Now each team sees their own spend and gets alerted when their resources are trending over budget — not the entire subscription's noise. This is where the mandatory tagging from Part 1 pays off. 🏷️ → 💰

🤖 Step 3: Anomaly Detection (Catch the Weird Stuff)

Budgets catch gradual overspend. But what about sudden spikes? A developer accidentally provisions 8 Standard_E64s_v5 VMs instead of E4s_v5? That's $2,400/day vs $300/day — and a budget alert might not fire until day 15.

Azure's cost anomaly detection uses ML to spot unusual patterns. Deploy it in one resource block:

# budgets/anomaly-detection/main.tf

resource "azurerm_cost_anomaly_alert" "subscription" {
  name            = "cost-anomaly-alert"
  display_name    = "Cost Anomaly Detection"
  subscription_id = "/subscriptions/${data.azurerm_subscription.current.subscription_id}"
  email_subject   = "⚠️ Cost Anomaly Detected - ${data.azurerm_subscription.current.display_name}"
  email_addresses = ["finops@company.com", "eng-lead@company.com"]
}

That's it. Five lines. You'll get daily emails when Azure detects spending anomalies like:

⚠️ Cost Anomaly Detected - Production Subscription

Anomaly: Daily run rate UP 340% on Feb 15
Resource Group: rg-ml-experiments
Estimated Impact: +$847/day above normal
Top Contributor: Microsoft.Compute/virtualMachines

Now your team catches runaway resources in 24 hours instead of 30 days. 🚨

🧱 Step 4: Reusable Budget Module (The Architect's Way)
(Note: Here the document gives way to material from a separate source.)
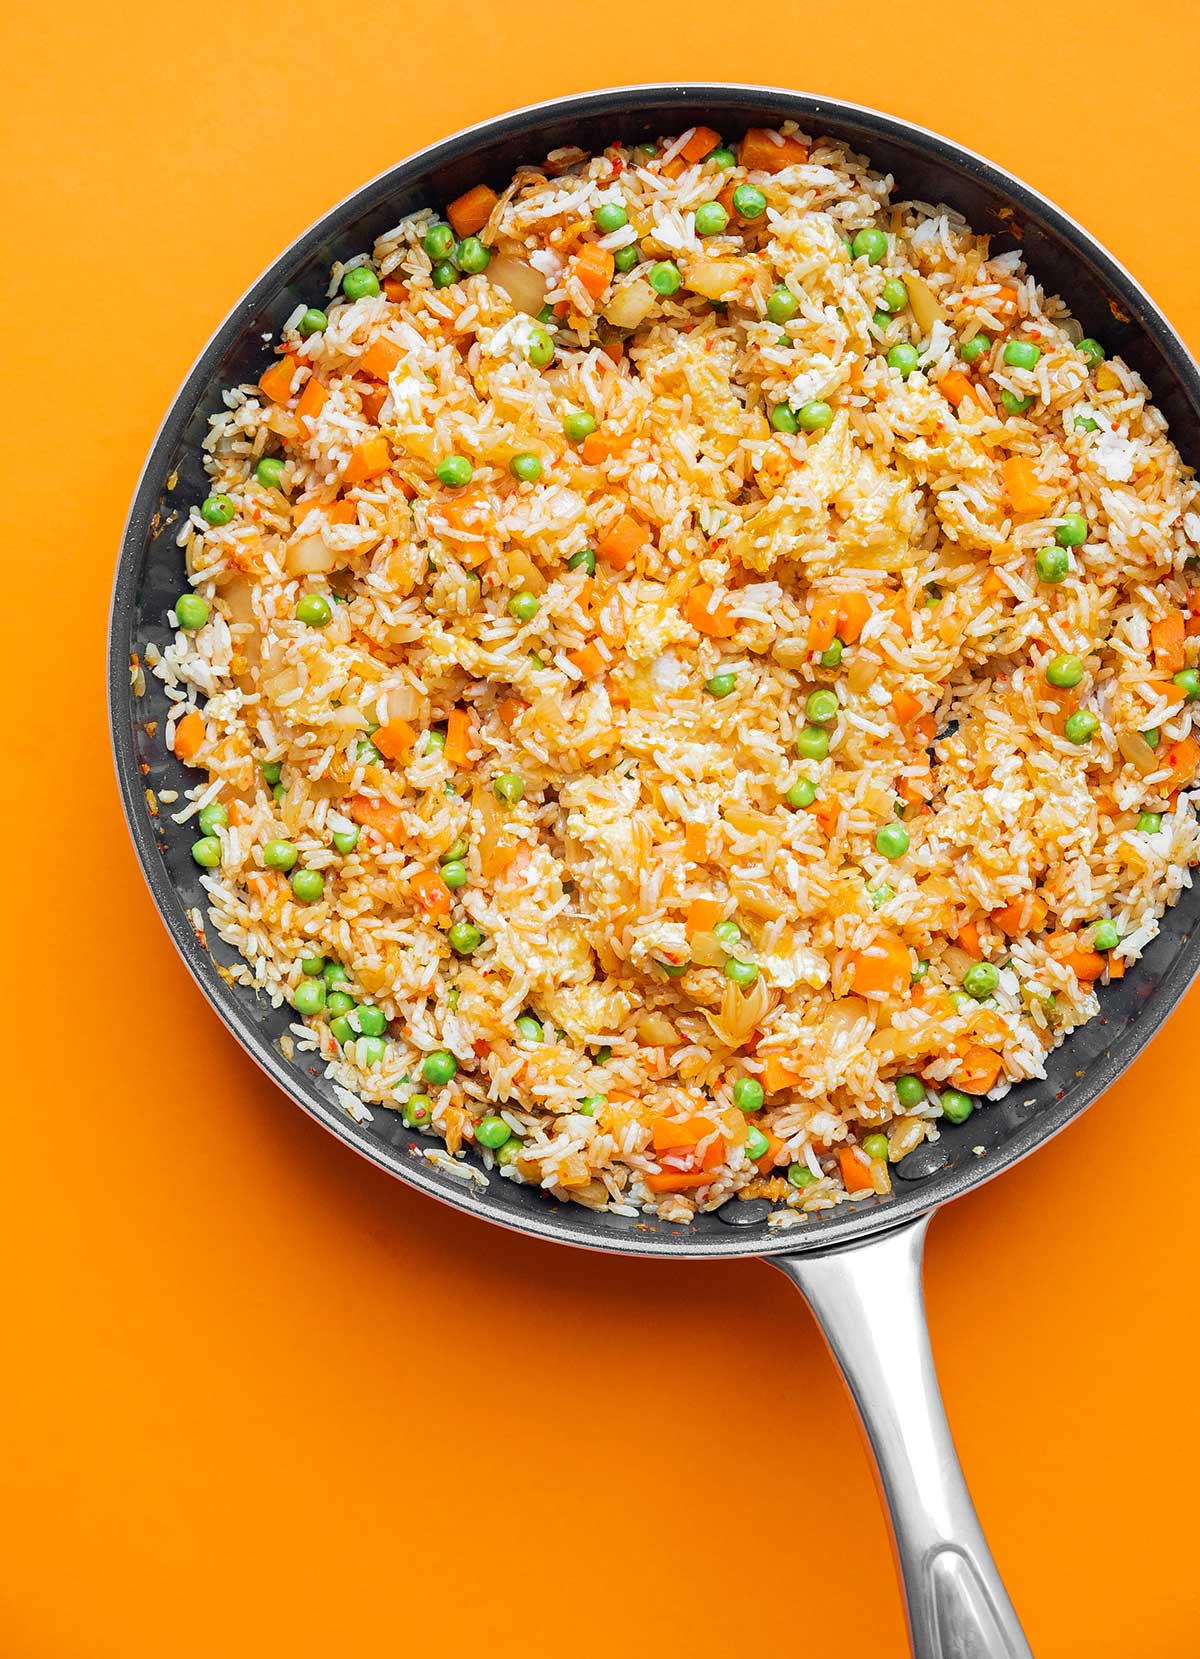 Kimchi fried rice cooking in a skillet on an orange background

In a real organization, you're managing 5-20+ subscriptions. You need a module that every team can drop in:

# modules/cost-alerting/main.tf

variable "subscription_id" {
  type = string
}

variable "monthly_budget" {
  type        = number
  description = "Monthly budget in USD"
}

variable "alert_emails" {
  type = list(string)
}

variable "action_group_id" {
  type    = string
  default = ""
}

variable "environment" {
  type = string
}

variable "enable_anomaly_detection" {
  type    = bool
  default = true
}

locals {
  budget_start = formatdate("YYYY-MM-01'T'00:00:00'Z'", timestamp())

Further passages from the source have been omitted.